The data from the current study largely support the use of a 3-inclusion level model for the determination of the energy values of feed ingredients. There were issues with increased estimates and variability, however, these only arose when the largest concentrations of the test ingredients were omitted. This is similar to observation by Larbier and Leclercq (1992), who found that the standard errors of the linear regressions being used for the difference method became greater when smaller TI inclusions were utilized relative to larger ones. For CM, the estimates for Sets 1, 3, and 4 differed only 62 kcal/kg for ME and the SE of the estimates for both experiments varied less than 11% for these three sets. There were only issues present when the largest concentration was omitted. This is advantageous for executing the regression method, as it means 3 diets can be used, so long as the TI is included in high enough concentration. This is supported by the findings of Olukosi (2021), who reported that there were no differences between 3- and 4-point models covering the same total range of intakes. A possible advantage of the regression method is the use of an intermediate intake of the test ingredient, which in turn allows for the evaluation of energy across a range of intakes and at practical inclusion levels. This can be especially important for oil seeds and protein concentrates, as their energy values can be incorrectly estimated with higher than practical inclusions, such as in using the direct method.

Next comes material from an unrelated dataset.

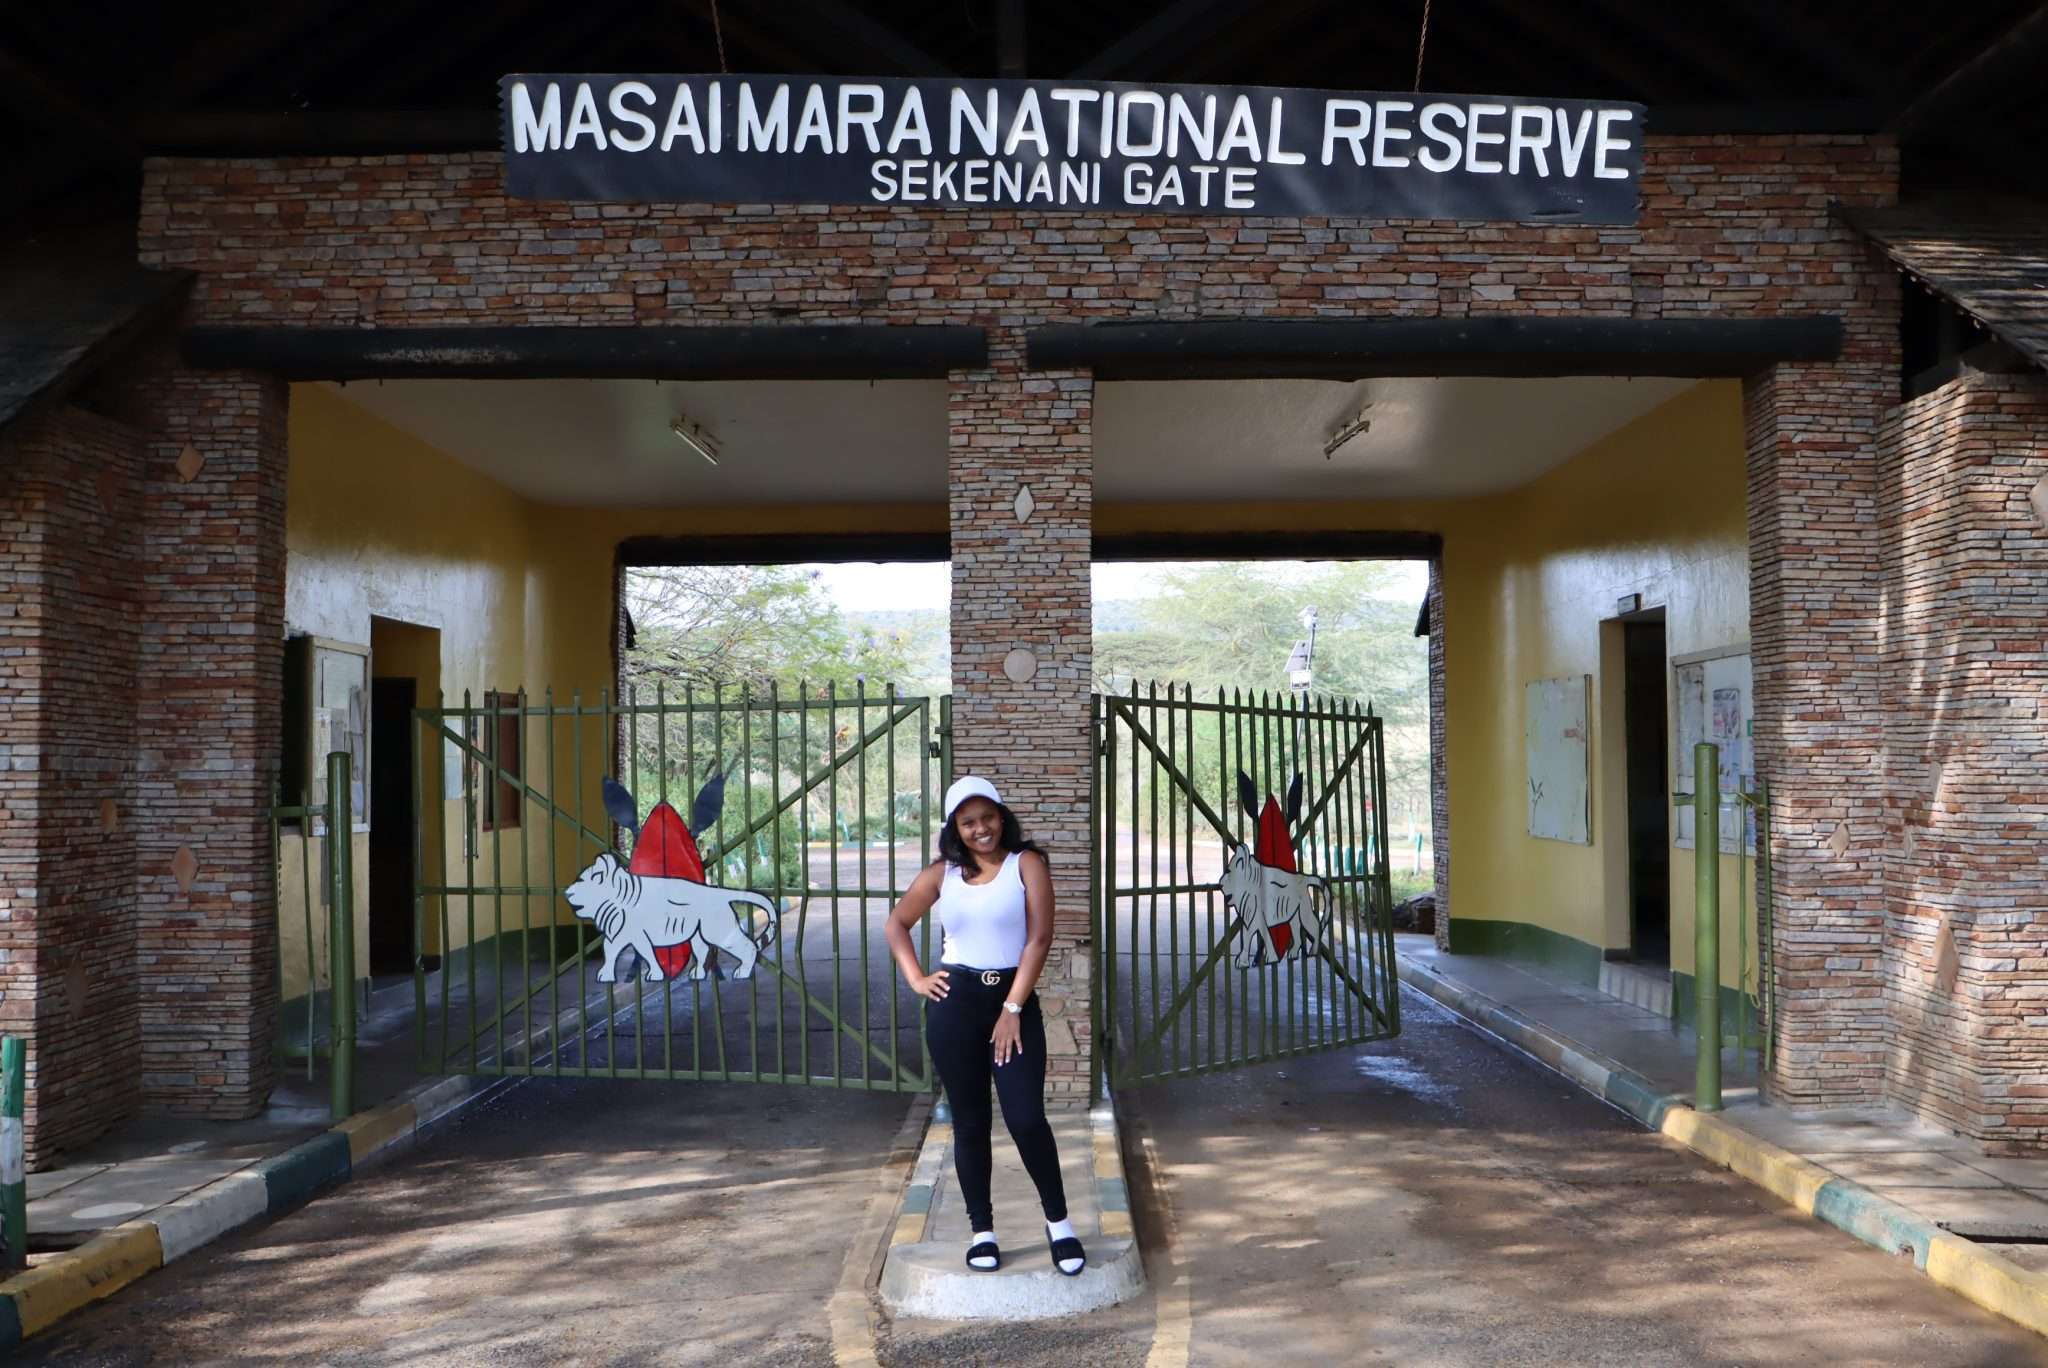 Entrance Fees for Masai Mara Masai Mara Park Fee

Therefore, in theory, the regression method has the potential to produce estimates of energy with low associated standard errors, relative to other methods. Additionally, utilizing 3 diets rather than 4 will be valuable as it will require less birds and time, and therefore help lower costs.

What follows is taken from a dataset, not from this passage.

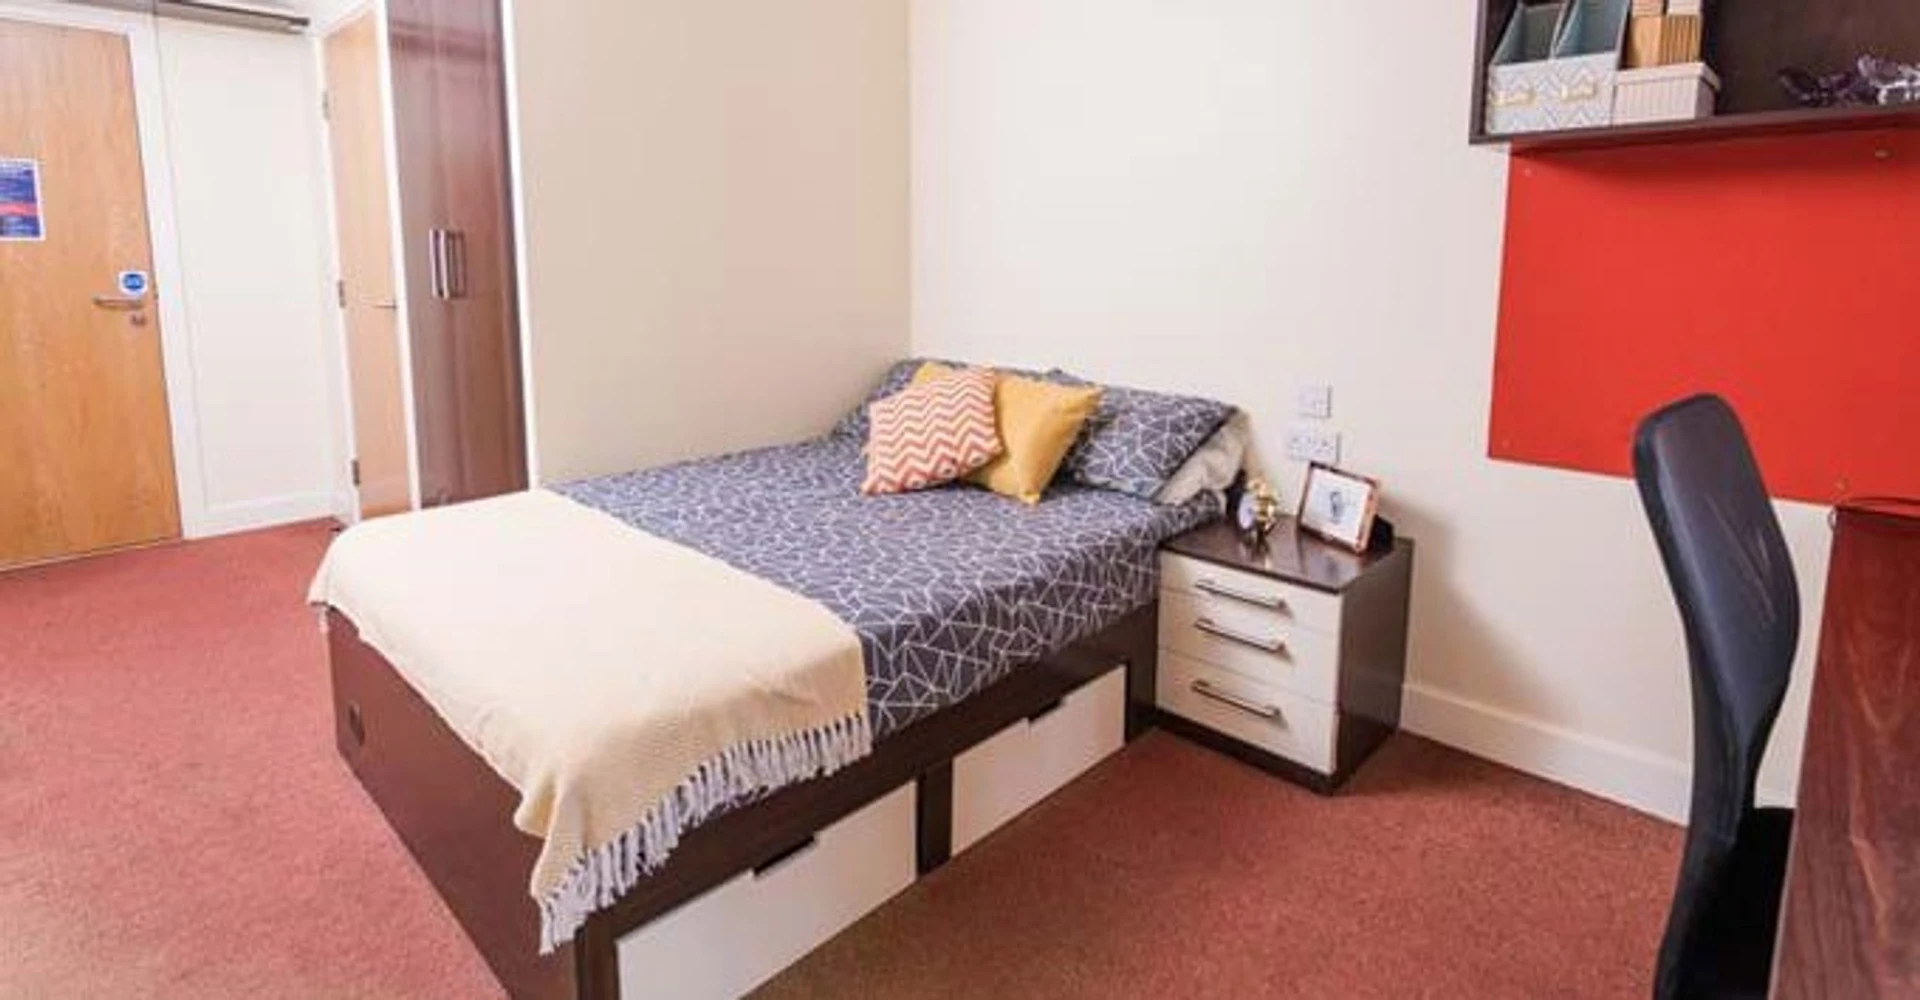 Chambre à louer avec lit double Wolverhampton

Based on the data generated in these studies, the regression method was shown to be an effective method with which to estimate the IDE, ME, and MEn of CM and wheat, as current estimates are in agreement with previous work utilizing other methods. There is also evidence that the use of a 3-point model with the regression method is appropriate and not significantly improved by the addition of a subsequent inclusion level. This requires, however, that the concentration of the TI used is high enough to properly capture the variation of reasonable intakes to avoid elevated errors for the estimates.